Paul addressed negative emotions. He cautioned against the type of anger that negatively affects interpersonal relationships. Anger management is a key skill, one regrettably lacking in many peoples’ lives inside and outside the church. Better management of all your strong emotions will enhance every aspect of your life. Self-control and discipline are vital to your reputation and ultimately your spiritual health.

Unrestrained anger, malice, wrath, slander and all sorts of similar emotions can leave the unwary vulnerable to more mischief. Evil begets evil and darkness begets even more darkness. Therefore Paul implored his followers to “not make room for the devil,” suggesting that bad behavior promotes spiritual disarray.

Evil speech? Avoid it! Consider how anger, for example. is like trying to hold fire without getting burned. Even people outside the church realize that Paul’s opinions are as true today as they were almost two-thousand years ago. Indeed, even secular psychology has proven that there are ill-effects from unbridled negative emotions. The gist is that even Christians need reminding of how bad attitudes and behavior are harmful.

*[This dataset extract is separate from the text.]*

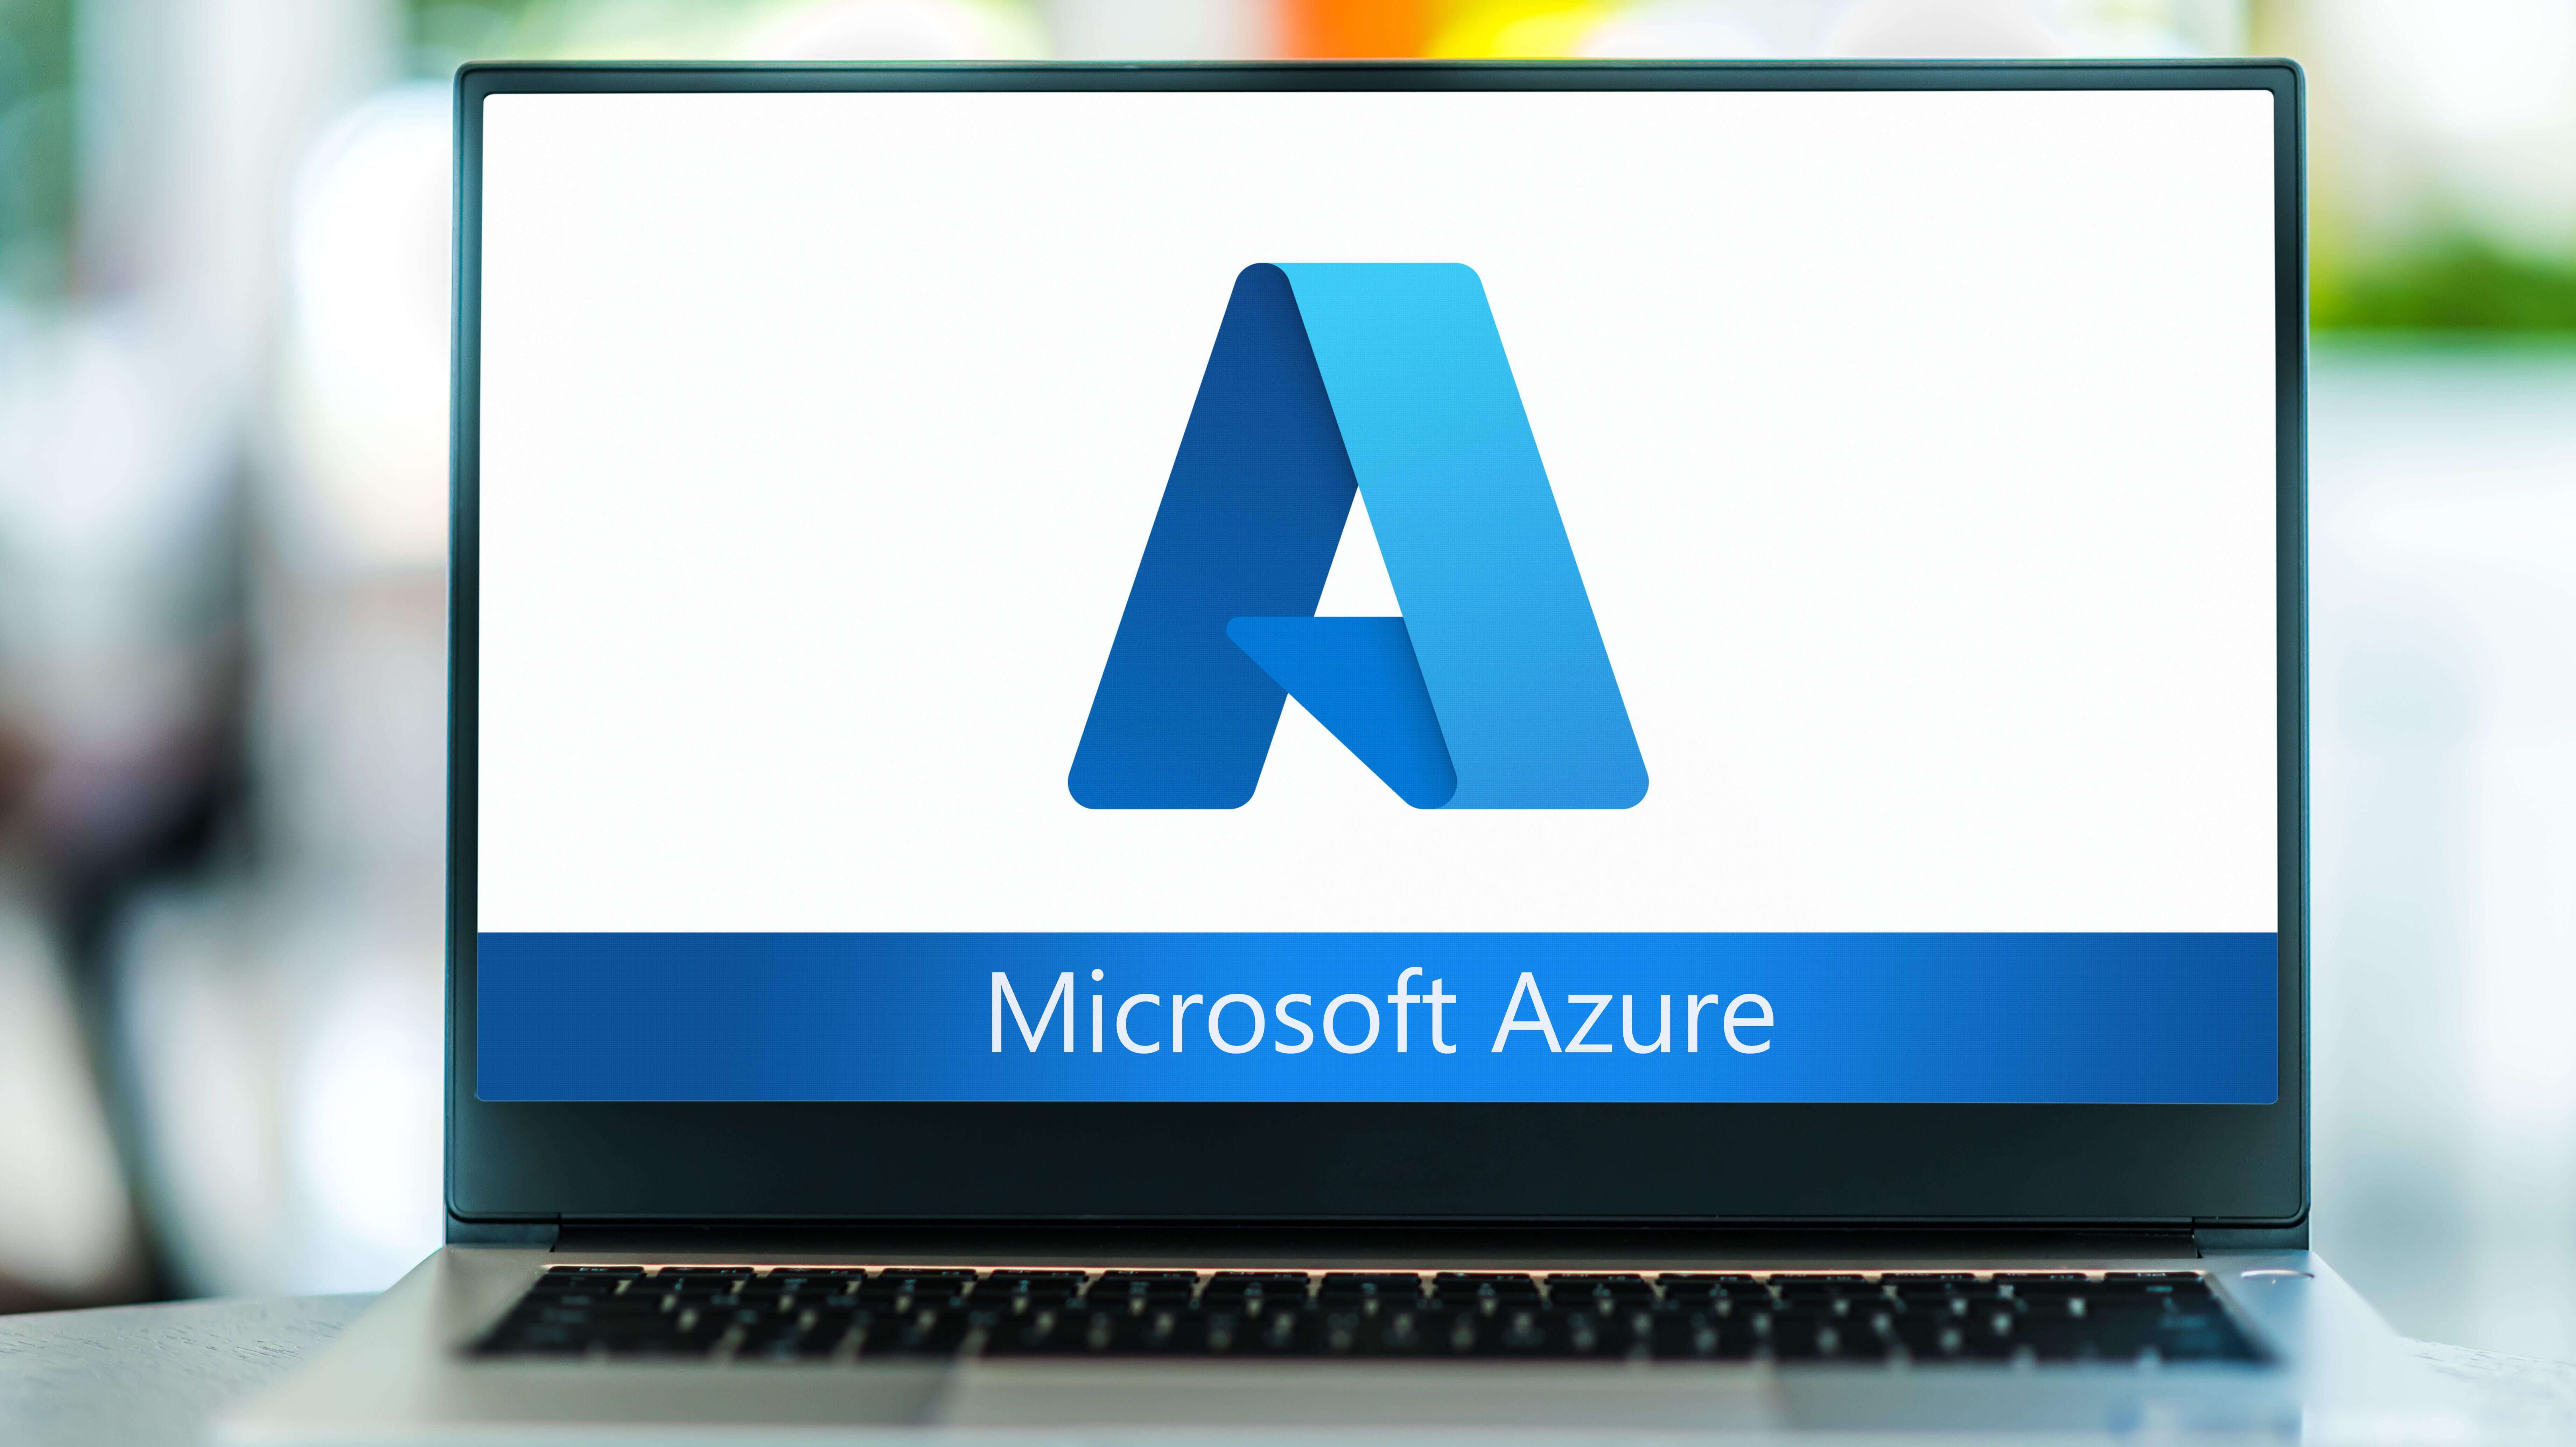 Microsoft Azure HDInsight Bugs Expose Big Data to Breaches

Paul didn’t just write about what people should not be doing. He was also positive, encouraging people of faith to do good. Paul asked that members of a faith family set aside all the bad stuff and replace it with love. It’s not good enough to refrain from anger, angry speech, and the rest of it. Paul reminded readers that they can be proactive and interject uplifting, positive words, those that will spread light and truth: “. . . be kind to one another, tenderhearted, forgiving one another, as God in Christ has forgiven you” (Ephesians 4:32).

Paul sums-up his lesson with a wonderful nugget of advice: “Therefore be imitators of God, as beloved children, and live in love, as Christ loved us and gave himself up for us . . .” (Ephesians 5:1-2). Paul’s timeless insights continue to promote wellness in mind, body and spirit. Love your neighbor and by so doing you will strengthen yourself and your faith family.